只要是正常的动静,她就不会说什么。

    一直到左慧吃过早饭,医生来查房,贺母才迷迷糊糊地醒来,状态比六点钟那会儿好了许多。

    “医生,我想出院。”

    贺母看到医生,第一句话就是出院。

    医生检查过贺母的头,又问了她这两天的情况,倒也没有拦着她不让出院,只是让她回家以后也要卧床休息,不能随意走动,头上的伤两天后要来医院换药。

    对于医生说的话,贺母一一答应,还要求立刻出院。

    医生没有再犹豫,让左慧等下去找他办出院手续。

    医生又看向隔壁床的老太太,老太太捂着头就开始呻吟,不过有了左慧的警告,她的呻吟并不大,对于医生让她出院的话,她充耳未闻,只说全身疼,哪哪儿都疼。

    “你愿意住就住吧。”

    医生被老太太气得转身走了,老太太对着儿媳妇得意地一笑,转头的时候对上左慧的目光,条件反射般的闭上了眼睛。

    左慧没有理会老太太,大家素不相识,以后出了院都不一定有机会见面,她就不给自己找气生了。

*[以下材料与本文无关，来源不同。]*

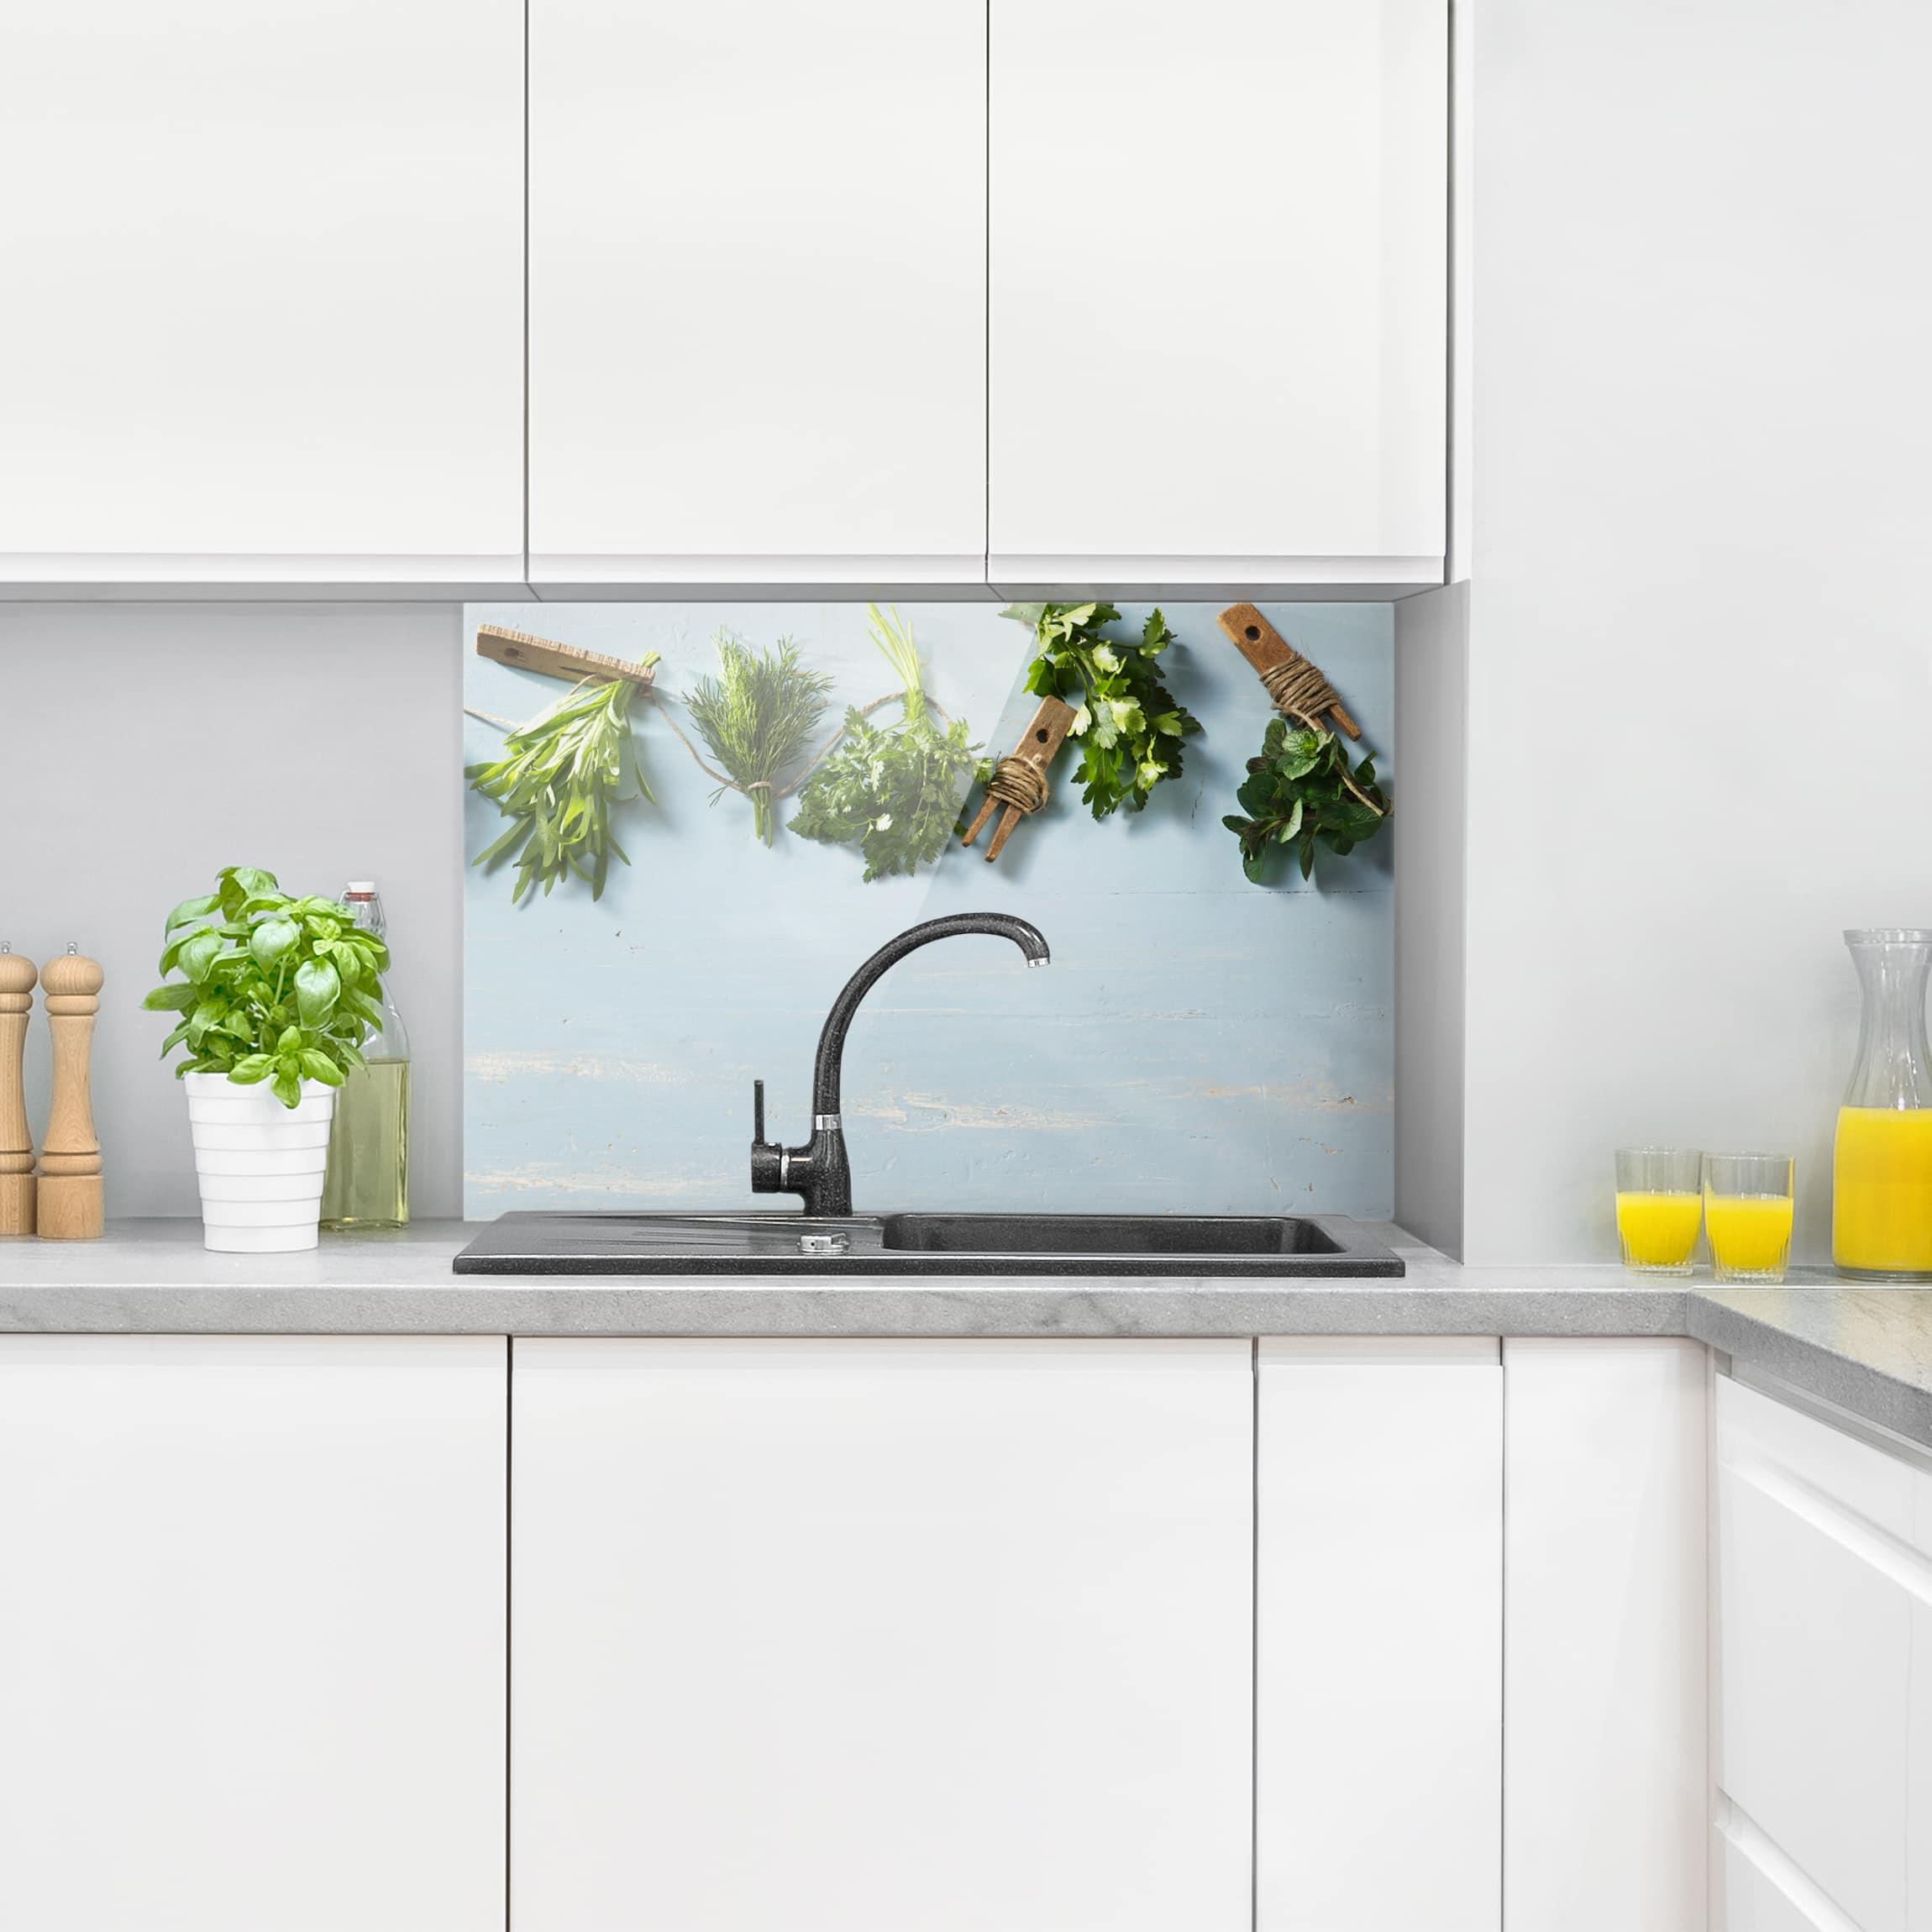 spritzschutz glas geb ndelte kr uter quer 2 3. Black Bedroom Furniture Sets. Home Design Ideas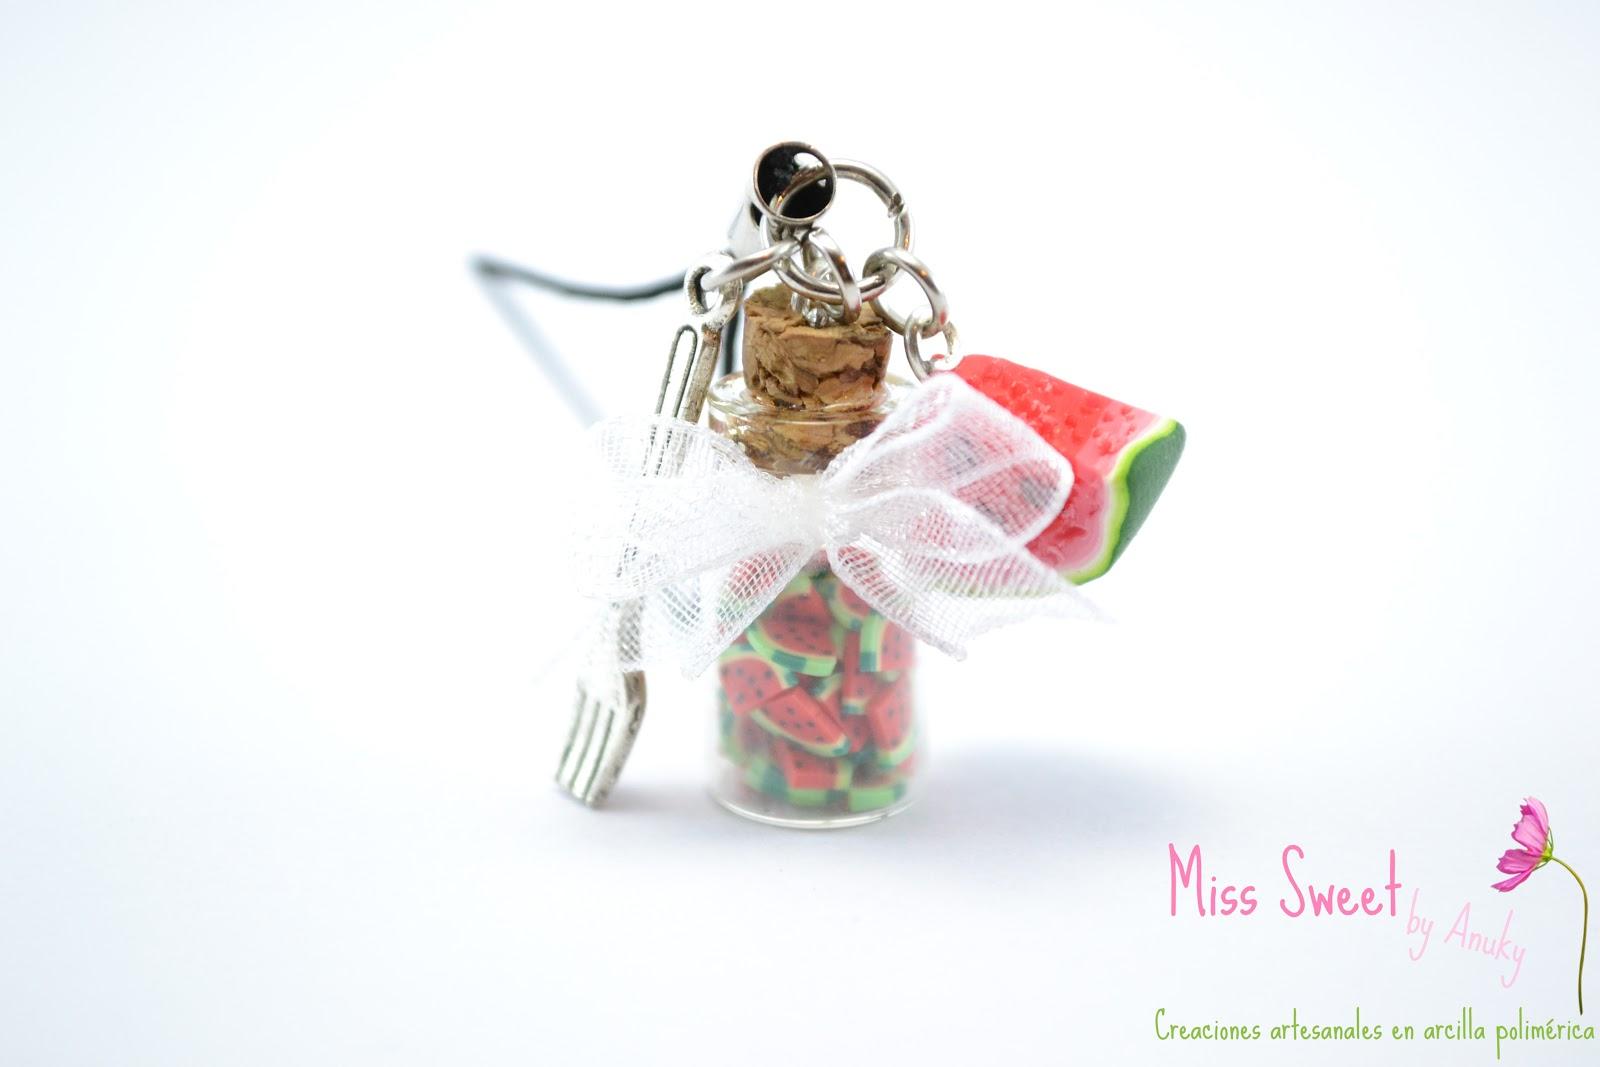 Conociendo_a_Miss_Sweet_The_Pink_Graff_04

    左慧办完手续,把所有的东西都收拾好,盼娣居然还凑到左慧身边问:“我看你们带的麦乳精没有多少了,要不然留给我们好了?”

    这人的脸皮,是左慧见过的所有人中最厚的。

    “不行。”

    左慧没有丝毫犹豫地拒绝,把麦乳精罐子放到了自己带来的兜子里。

    “你怎么这么抠门……”

    盼娣才说了一句话,就被老太太叫了过去。

    左慧没有理会她们,把所有的东西都收拾好,扶着贺母走出了病房。

    盼娣对着老太太就开始抱怨:“好不容易遇到一个有钱的人家,你非得拦着我,有福你也不会享。”

    “呸,有福也得有命才能享。”

    老太太把床架子上那个有坑的地方指给盼娣看。

    “你的骨头有这个架子床硬?我可是亲眼看到那女人把这床摁了一个洞。”

    盼娣不相信地看着这个坑,手摁了上去,床纹丝未动。

    “娘,这个坑真的是那个女人摁的?”

    “我还能骗你?你的骨头有这个床硬吗?”

    老太太更怕左慧会因为盼娣牵连到她,所以才拦下盼娣。

    盼娣想到左慧两只手能轻松地举起三个凳子,最终还是闭上了嘴巴。

    左慧不知道老太太婆媳俩的庆幸,她扶着贺母坐上了回大院的公交车。

    贺母头上虽然受了伤,但并不影响走路,再加上医院门口有直达大院门口的公交车,所以贺母并没有走多长时间。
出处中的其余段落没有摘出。